After filtering identified mislabeled samples, classification models trained on the cleaned subset show significant improvements. On MNIST with 10–20% uniform noise, AQUAVS-filtered training even exceeds oracle (clean-only) performance, suggesting the method identifies both incorrect labels and "hard" but correct samples.

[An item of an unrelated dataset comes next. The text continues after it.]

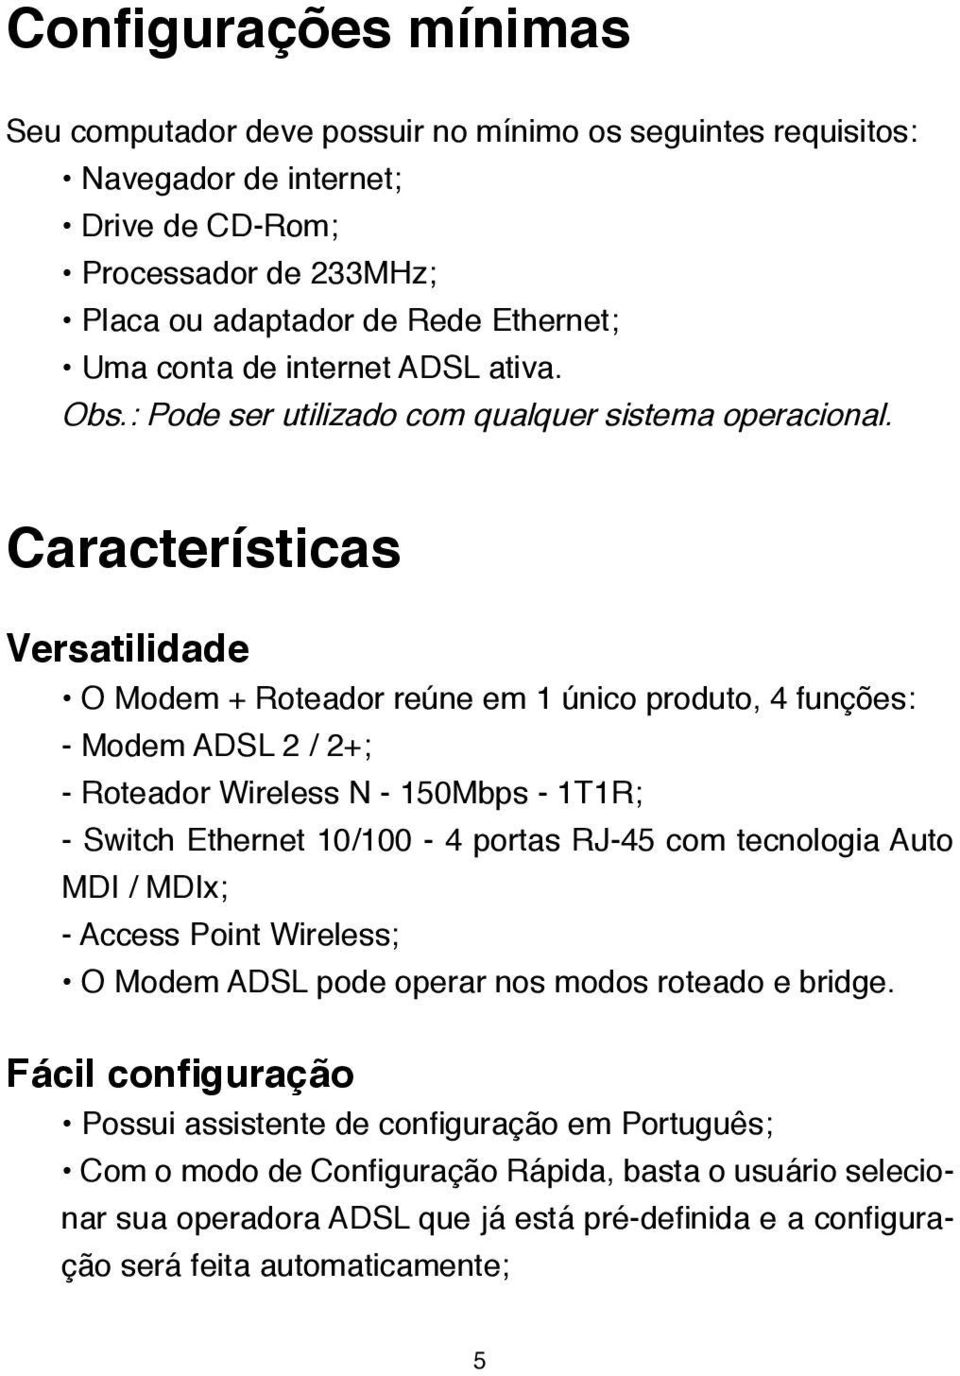 Características Versatilidade O Modem + Roteador reúne em 1 único produto, 4 funções: - Modem ADSL 2 / 2+; - Roteador Wireless N - 150Mbps - 1T1R; - Switch Ethernet 10/100-4 portas RJ-45 com
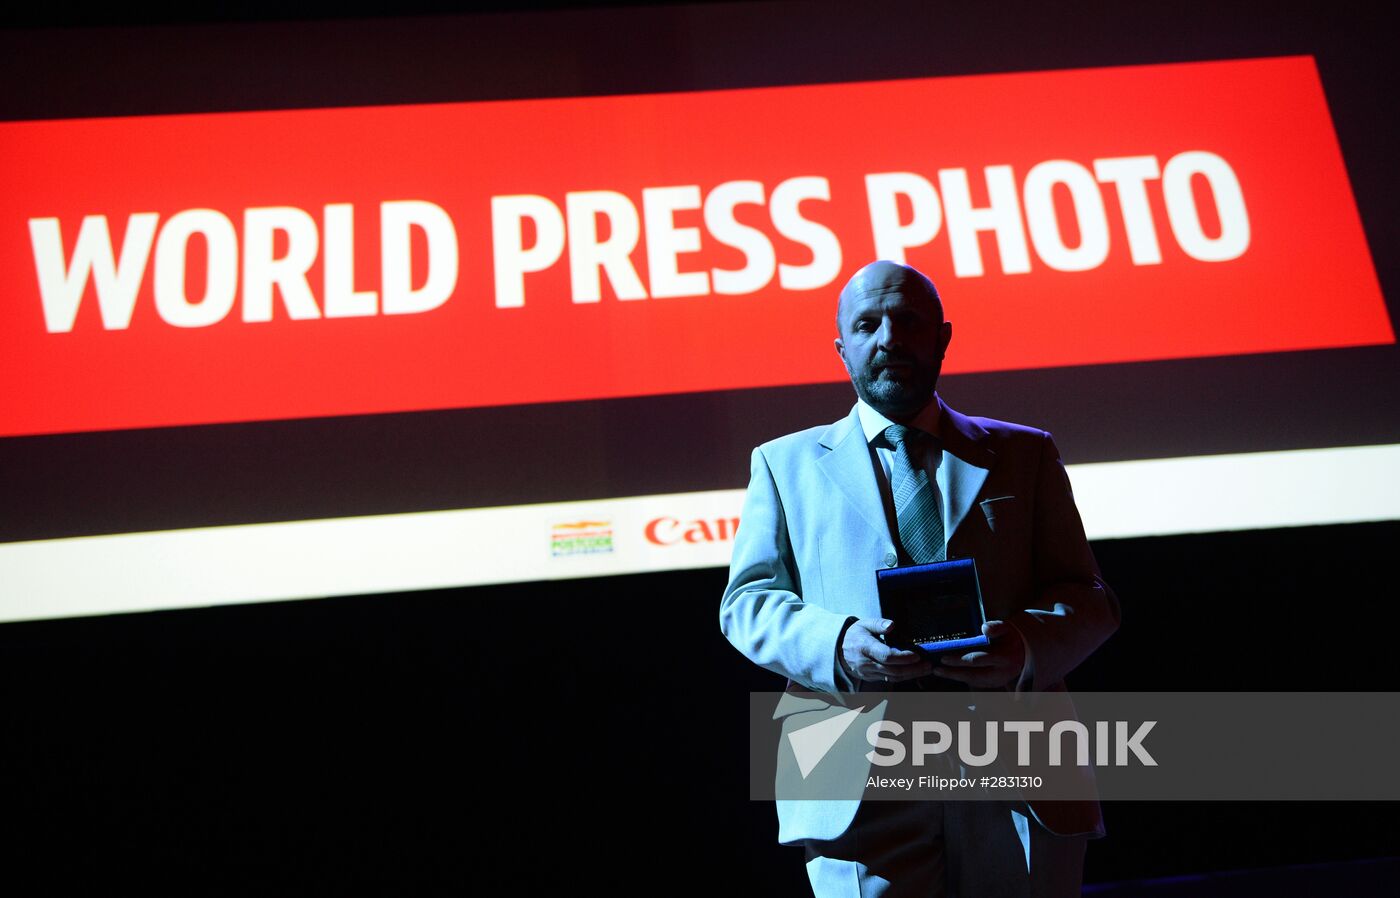 Rossiya Segodnyaya news agency photojournalist Vladimir Presnya awarded World Press Photo

CIFAR-100 shows marginal gains, indicating label quality matters less when data quantity is sufficient for complex tasks.

Connections

  • Related to Label noise in noisy-label learning; extends prior work on training dynamics and sample importance weighting.
  • Complements Data quality assessment; critical for practitioners curating high-stakes datasets.
  • Uses VAE architecture with supervised extensions, similar to semi-supervised learning frameworks.

Notes

Strengths: - Clear motivation: label noise is ubiquitous in web-scraped and crowdsourced datasets. - No reliance on clean subsets or noise-type priors—practical for real-world scenarios. - Comprehensive evaluation across datasets and noise models.

Limitations: - Noise score based on MAD is univariate and may miss multivariate outliers. - Performance degrades sharply on high-noise, high-complexity datasets (CIFAR-100 at 40% noise). - No comparison with recent meta-learning or sample-weighting methods (e.g., AUM, which uses training margins). - Assumes label noise is the only source of error; ignores feature noise or class imbalance.

For misinformation research: Dataset quality is foundational. If a fake-news detector is trained on noisily labeled news articles, it will memorize annotation errors. This method offers a practical way to identify and remove mislabeled examples before training, improving robustness and generalization.